Expedition 2- Indian (Jamshedpur)

Leader- Rajendra Singh Pal (9 members)

Period- June 2000

Result

This team also followed the same approach as above. They finally followed the route of first ascent (1981) and the summit was reached on 9 th July via the east ridge. Summiteers were N. S. Panwar, R. S. Pal and R. Bhat.

Garhwal - Chandra Parvat (6,507 m)

Expedition- Indian (Durgapur, Bengal)

Leader- P C Nath (13 members)

Period- May-June 2000

Result

This beautiful peak has two summits and stands on the Suralaya Bamak. The team proceeded along the Gangotri glacier to Suralaya Bamak setting up ABC and two more camps on the mountain. Finally on 30th May the ridge which rises from the Suralaya Bamak was climbed to the summit. Summiteers were P C Nath, Monotosh Majumdar, Bahadur and Thapa.

Garhwal - Peak 5242 m (East of Panch Chuli-V)

Expedition- Indian (Calcutta)

Leader- Pradeep Kr Kar (16 members)

Period- May 2000

Result

The main intention of the team was to attempt the virgin peak of Panch Chuli III from the eastern approaches. They approached from Son Duktu village and through the Meola Glacier. However considering the difficulties of Peak III they decided to climb the peak which rises on the ridge falling from the long ridge of Panch Chuli V, to the south of the Meola Glacier. This gentle peak was climbed on 22nd may by S. Majumdar, Arup Saha, Moloy Kanti Halder and leader.

Garhwal - Deoban (6,855 m)

Expedition- Indian (Nawabgunj, Bengal)

Leader- Pallab Das (16 members)

Period- July 2000

Result

This is a high peak situated near Kamet. This team set up a BC at Vasuki Tal and followed the long ridge falling from Bidhan Parvat. On 18 th July Camp 4 was set up at 6400 m. However bad weather forced them to wait at this camp for 2 days and as there was no improvement in the weather, the attempt was given up.

Garhwal - Chaturangi (6,407 m)

Expedition- Indian ladies expedition (Calcutta)

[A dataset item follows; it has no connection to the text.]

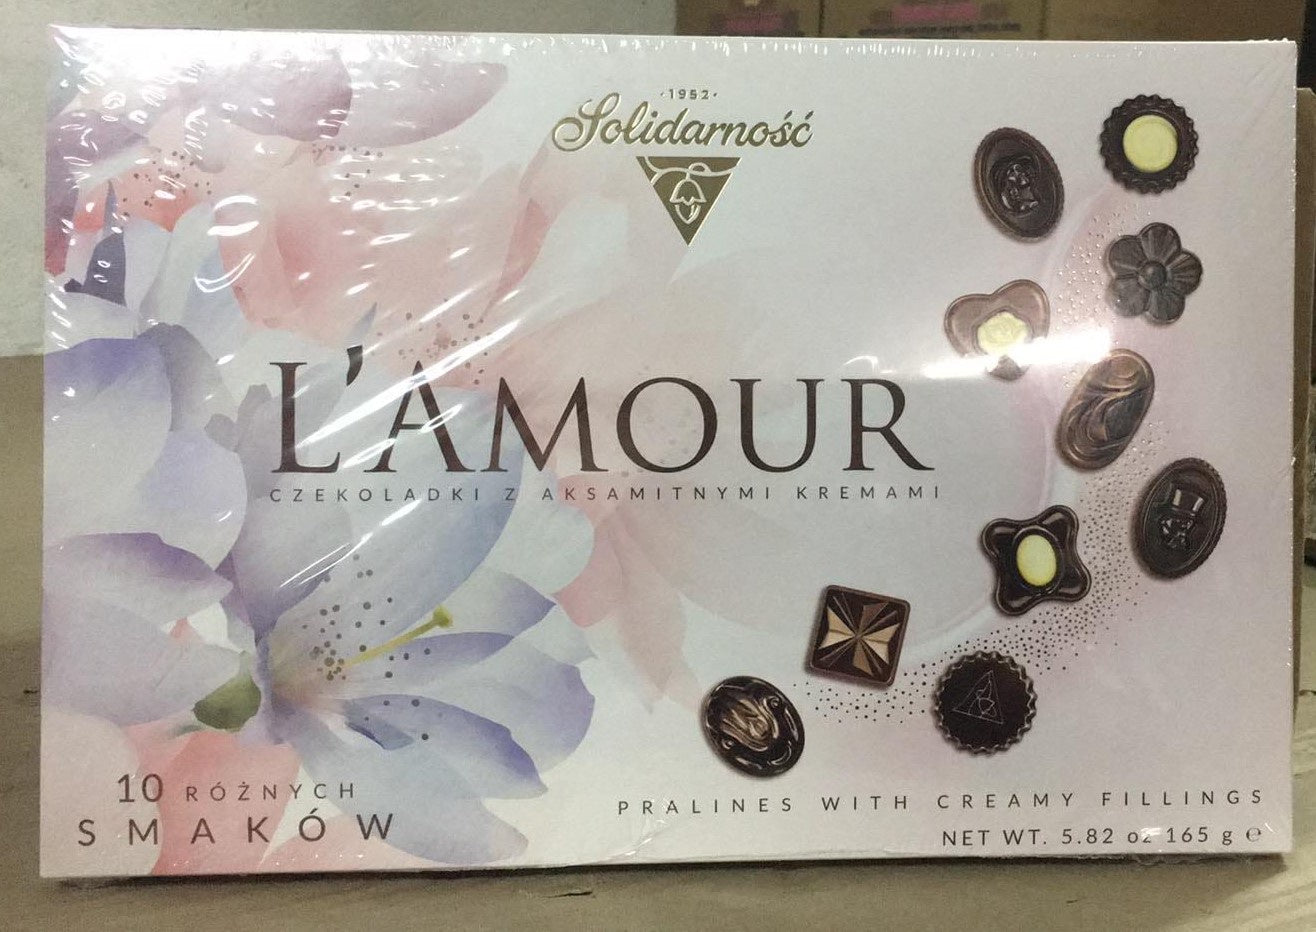 L'AMOUR Pralines w/ Creamy Filling

Leader- Ms. Rupa Santra (14 members)

Period- September-October 2000

Result

A well known peak in the Gangotri Glacier group. The ladies expedition followed the route from along the glacier to set up series of three camps n the mountain. The summit was reached on 1 st October by Ms. Rupa Santra, Ms. Barnail Mukherjee and Ms. Angibi Devi.